Don’t leave your cyber security in doubt. We’re here to answer your questions about your online safety. 
Question: Everyone is always going on and on about online security, but nothing has ever happened to me. Should I even care? What’s the worst that could happen? 
Answer: If you’ve never paid attention to your Internet security and never had a security problem, you’re probably fine. You clearly have a rabbit’s foot offering you magical protection from scammers, spammers, spoofers, and identity thieves. Or maybe you have been compromised and just don’t know it yet.
If black hats get their hands on your machine, there’s no telling what they could do. In some cases, you’re looking at spyware and malware that’s merely annoying. In others, your personal and financial information could be compromised. You might even have had your identity stolen. Online security is crucial, and you really can’t be too careful.
Question: I don’t have Gmail. I use Outlook. I don’t use Android. I have an iPhone. I’m good, right?
Answer: Internet security is like a 1980s slasher flick: The instant you let down your guard, something bad is going to happen. No, you’re not safe and Google isn’t bad at security. They’re actually pretty good at it.  Their cyber security task force is responding to the perception of a problem, not an actual problem.
Conversely, consider the products offered by Apple: Apple is slow to offer security updates for OS-X and sometimes bizarrely laconic when it comes to iOS apps.  While Google and Microsoft update their iOS apps every two weeks or so, Apple often waits months. Apple also doesn’t support security updates for older versions of OS-X, so if you’re still running Snow Leopard or anything older, Apple stopped updating security on your machine last year, leaving about 1 in 5 users behind.  When El Capitan comes out this fall, it will likely mean that security updates will end for machines still using Mountain Lion. 

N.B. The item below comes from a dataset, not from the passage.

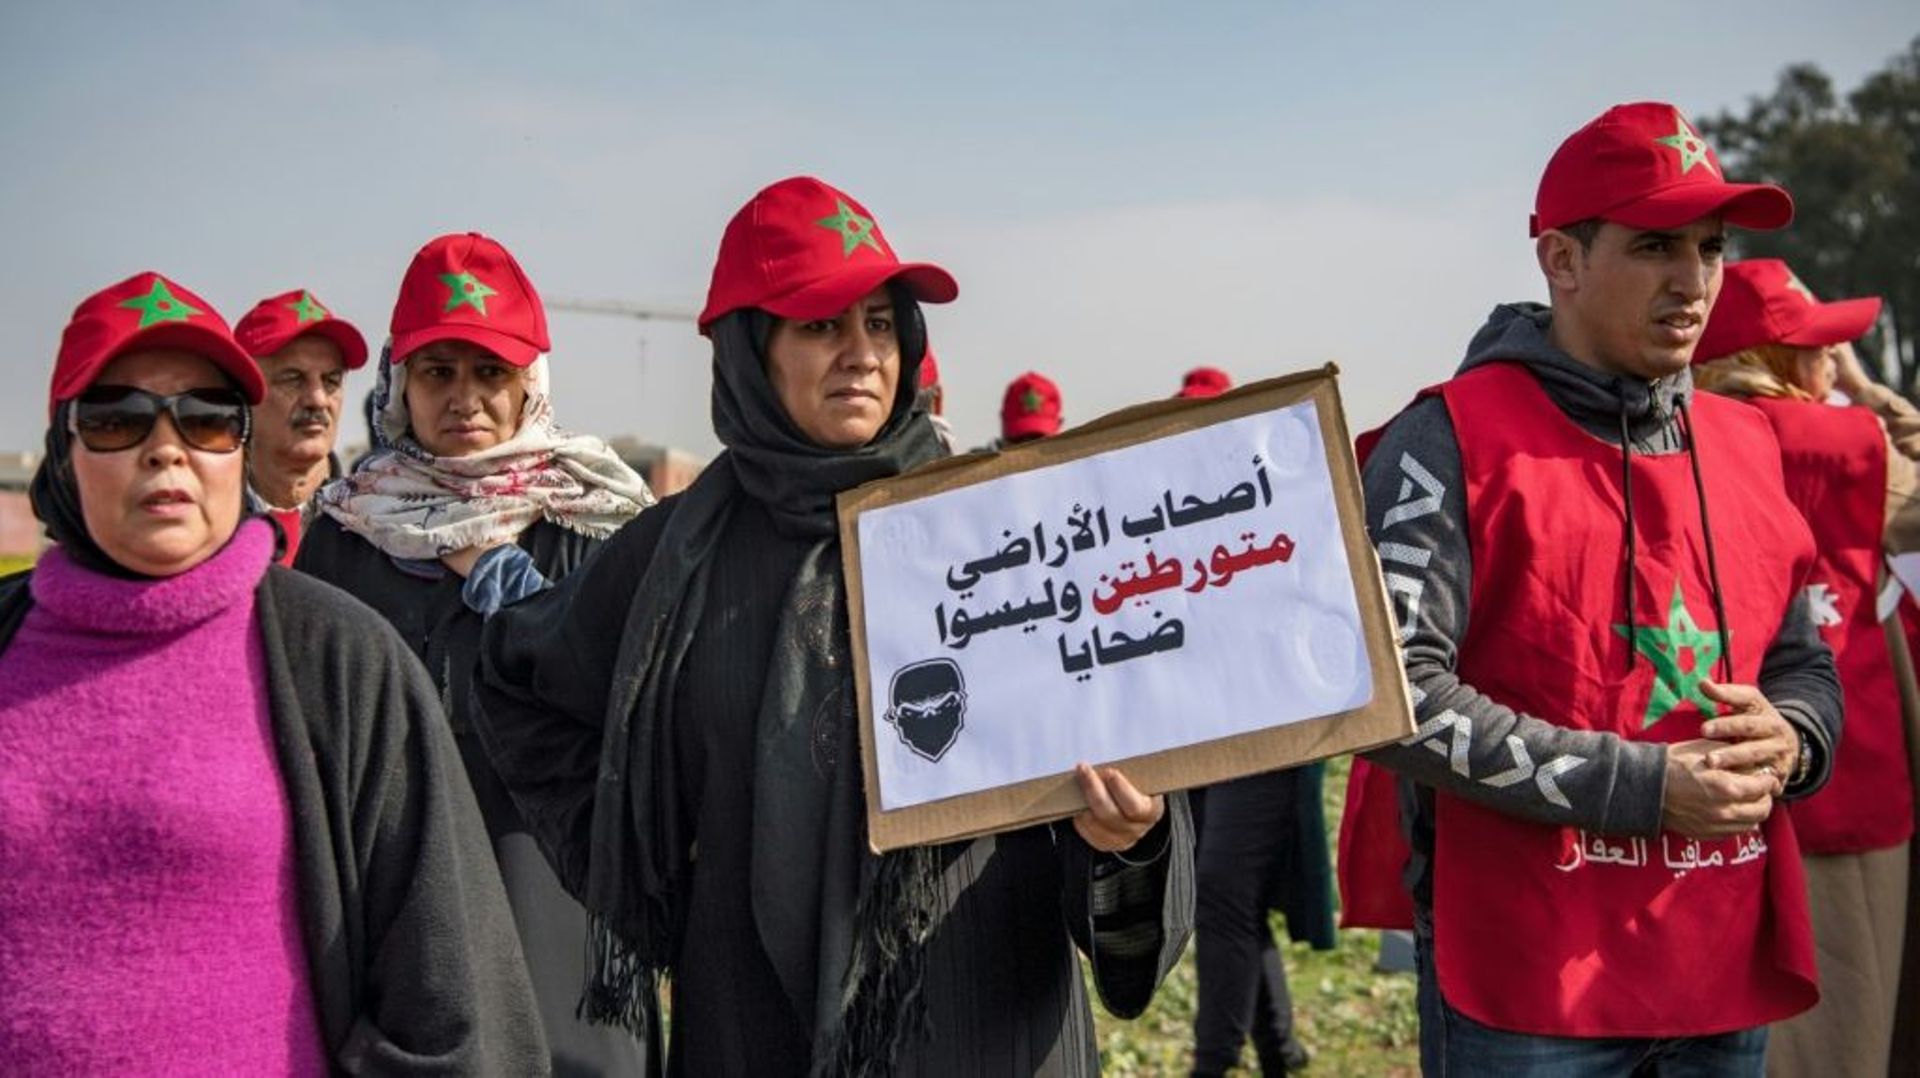 Des personnes manifestent sur un terrain vague supposé abrité des immeubles d'habitation, contre le groupe immobilier "Bab Darna" à l'origine d'une vaste arnaque immobilière, le 15 février 2020 à Casablanca

Question: How do I know if my security is up to date? 

Answer:  Every reputable piece of software you use, on your computer or on the Web, should allow you to view your security settings.  If you can’t find your security settings, Google it or look for help on the site.  If you still can’t find your security settings, consider using different software. 
Question: What do I do if I think something fishy is going on with my account information? 
Answer:  For our members, let Destinations Credit Union know right away.  The sooner we know, the sooner we can protect your important financial information.  You may have your credit or debit card information stored at your favorite shops and you don’t want anyone to mess with your cards. After you’ve gotten in touch with us, get in contact with whomever is in charge of the site where you have suspicions.  See what they recommend.  It may be a good idea to notify the police.  Anyone who has access to your online profile is likely to have your home address, too.
Now is a really good time to protect yourself.  Update your password for all of your main accounts and any others you can think of.  Don’t write your password down, try not to make it obvious, and try to keep your passwords separate.  It may be a lot of work, but it will pay off in peace of mind.